To make a claim on your critical illness insurance policy, you'll need to notify your insurer of your diagnosis and submit a claim form along with any required medical documentation, such as medical reports, test results, and physician statements. Once your claim is reviewed and approved by the insurer, you'll receive the lump sum benefit payment, which you can use to cover medical expenses, living costs, or other financial needs during your recovery.

As we age, the likelihood of encountering health complications increases for us all. In the event that you develop a severe medical condition, critical illness protection can assist with the expenses of crucial bills – enabling you to concentrate on recuperation or adjusting to your new health circumstance.

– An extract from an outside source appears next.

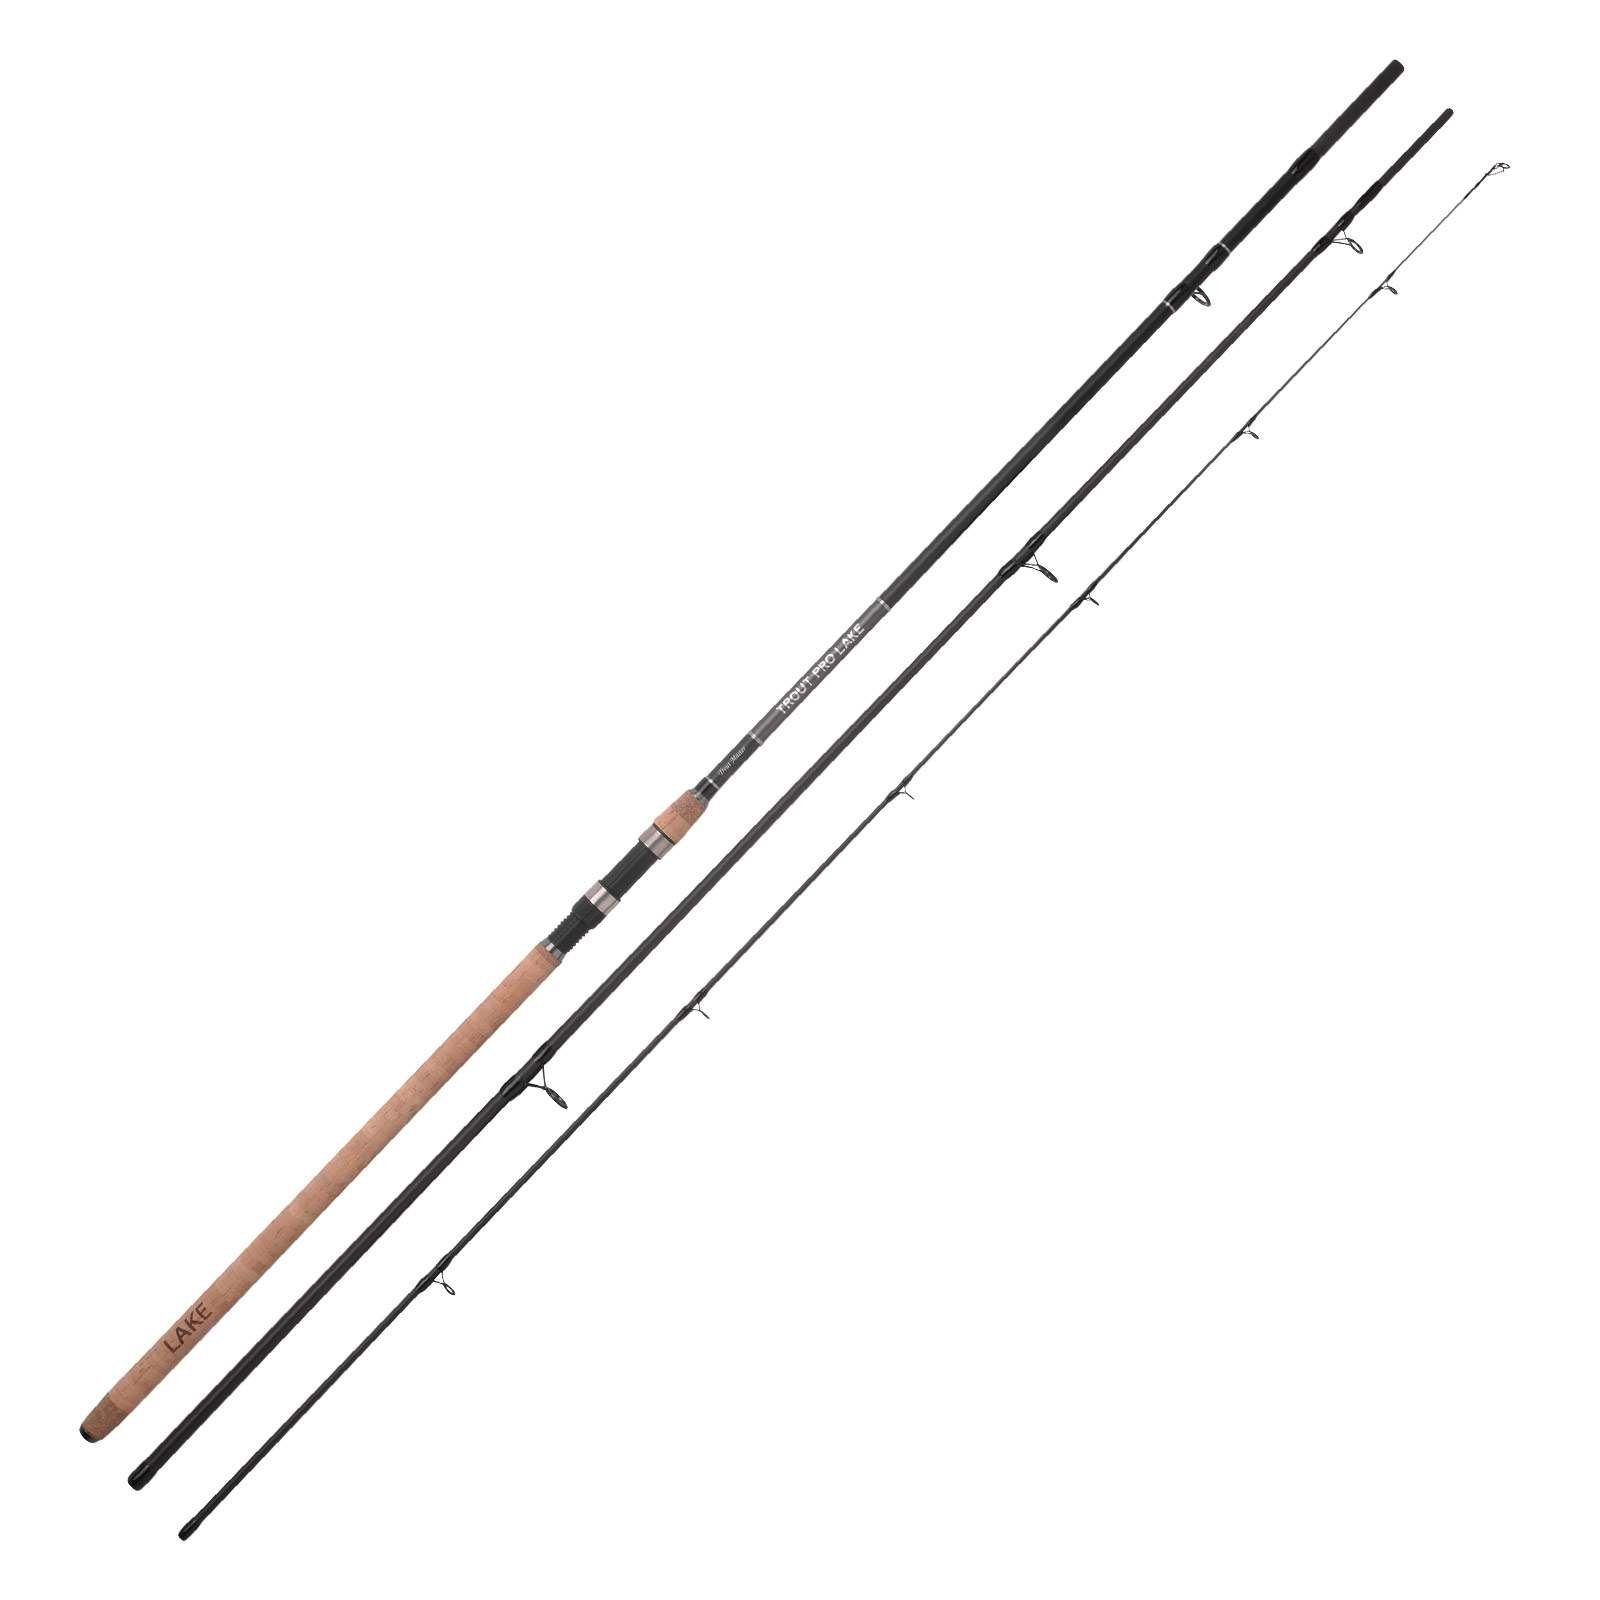 Forellenrute, 3.00 Spro Lake Master (3-tlg), SPRO Trout Trout Forellenrute Pro 40g
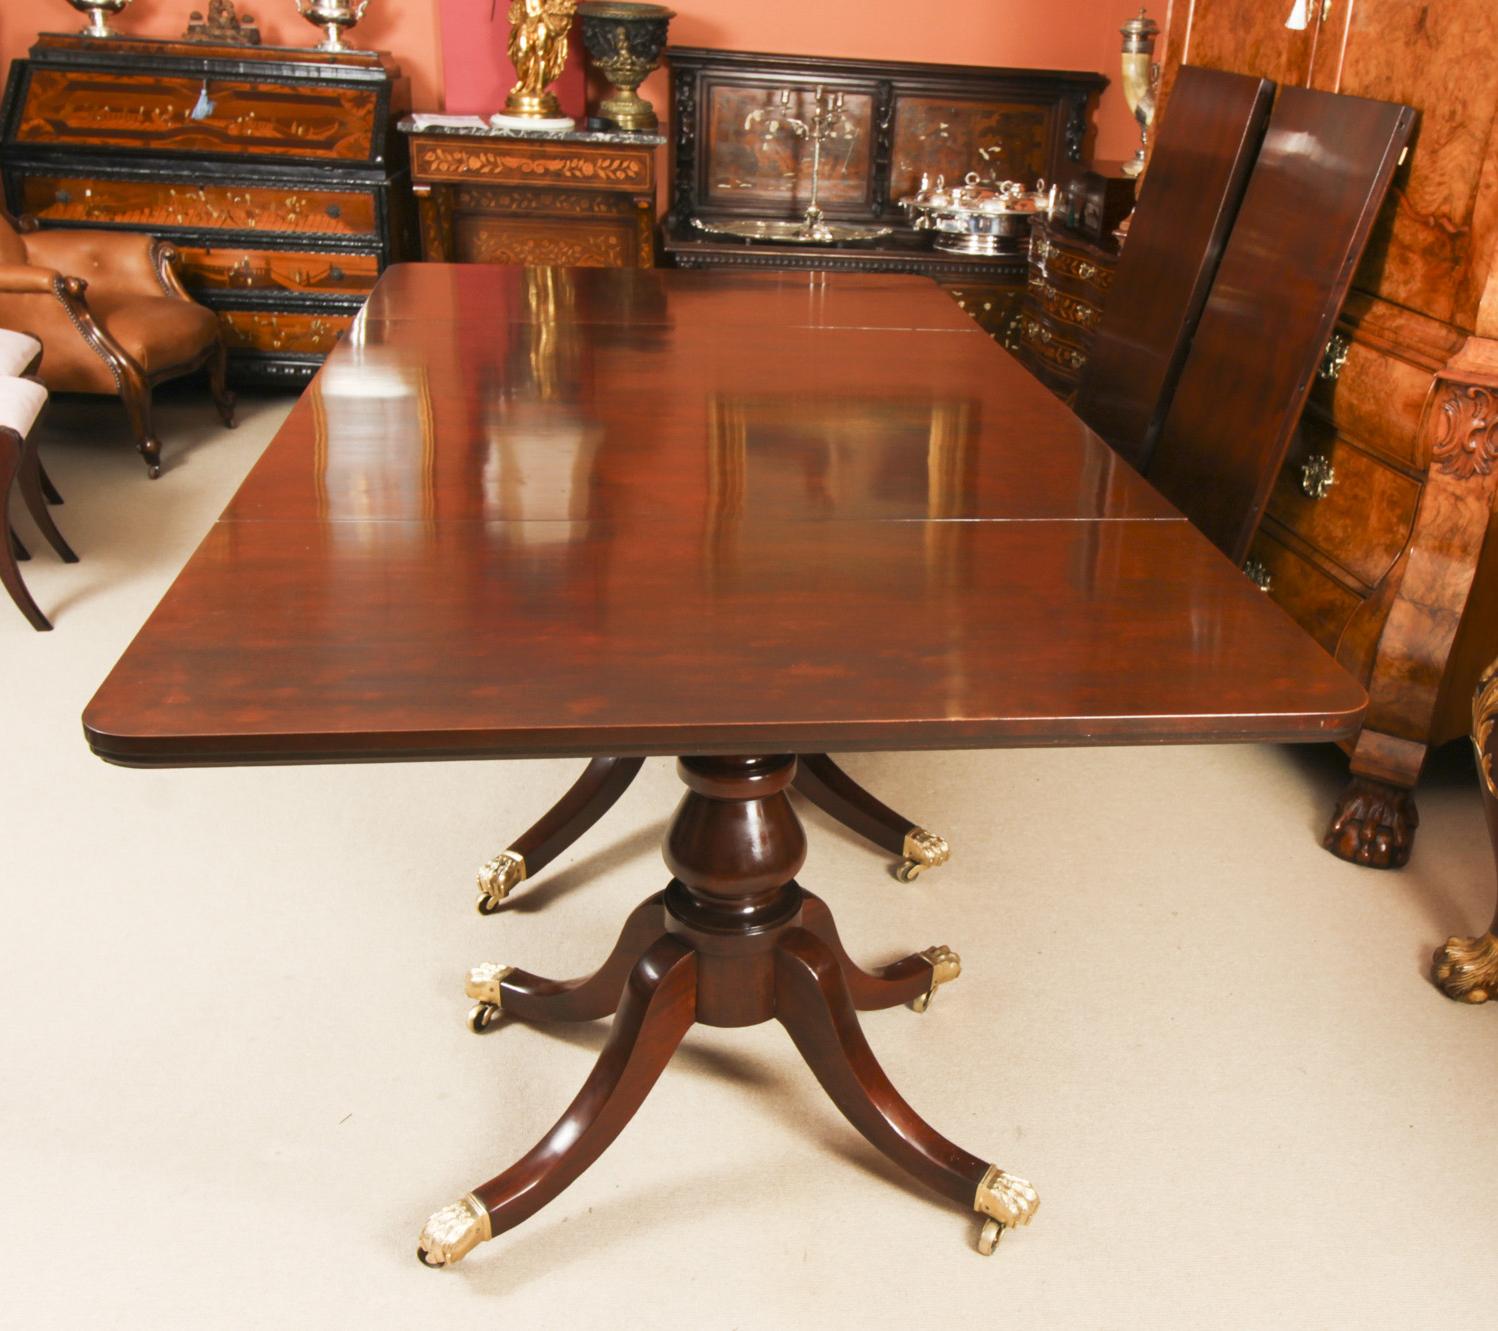 Antique George III Regency Dining Table with 12 Regency Dining Chairs 19th C 1

The typical expense of a Critical Illness protection policy will fluctuate based on aspects such as your age and medical background. As per our investigation, you can secure a policy starting from as low as £8 (for a non-smoking 21-year-old individual).

The most prevalent critical illnesses in the UK are cancer, cardiac arrest, and cerebrovascular accident (stroke).

Cancer is one of the primary causes for critical illness insurance claims in the UK. Cancer constitutes over 80% of critical illness cover claims for females and about 45% of critical illness claims for males.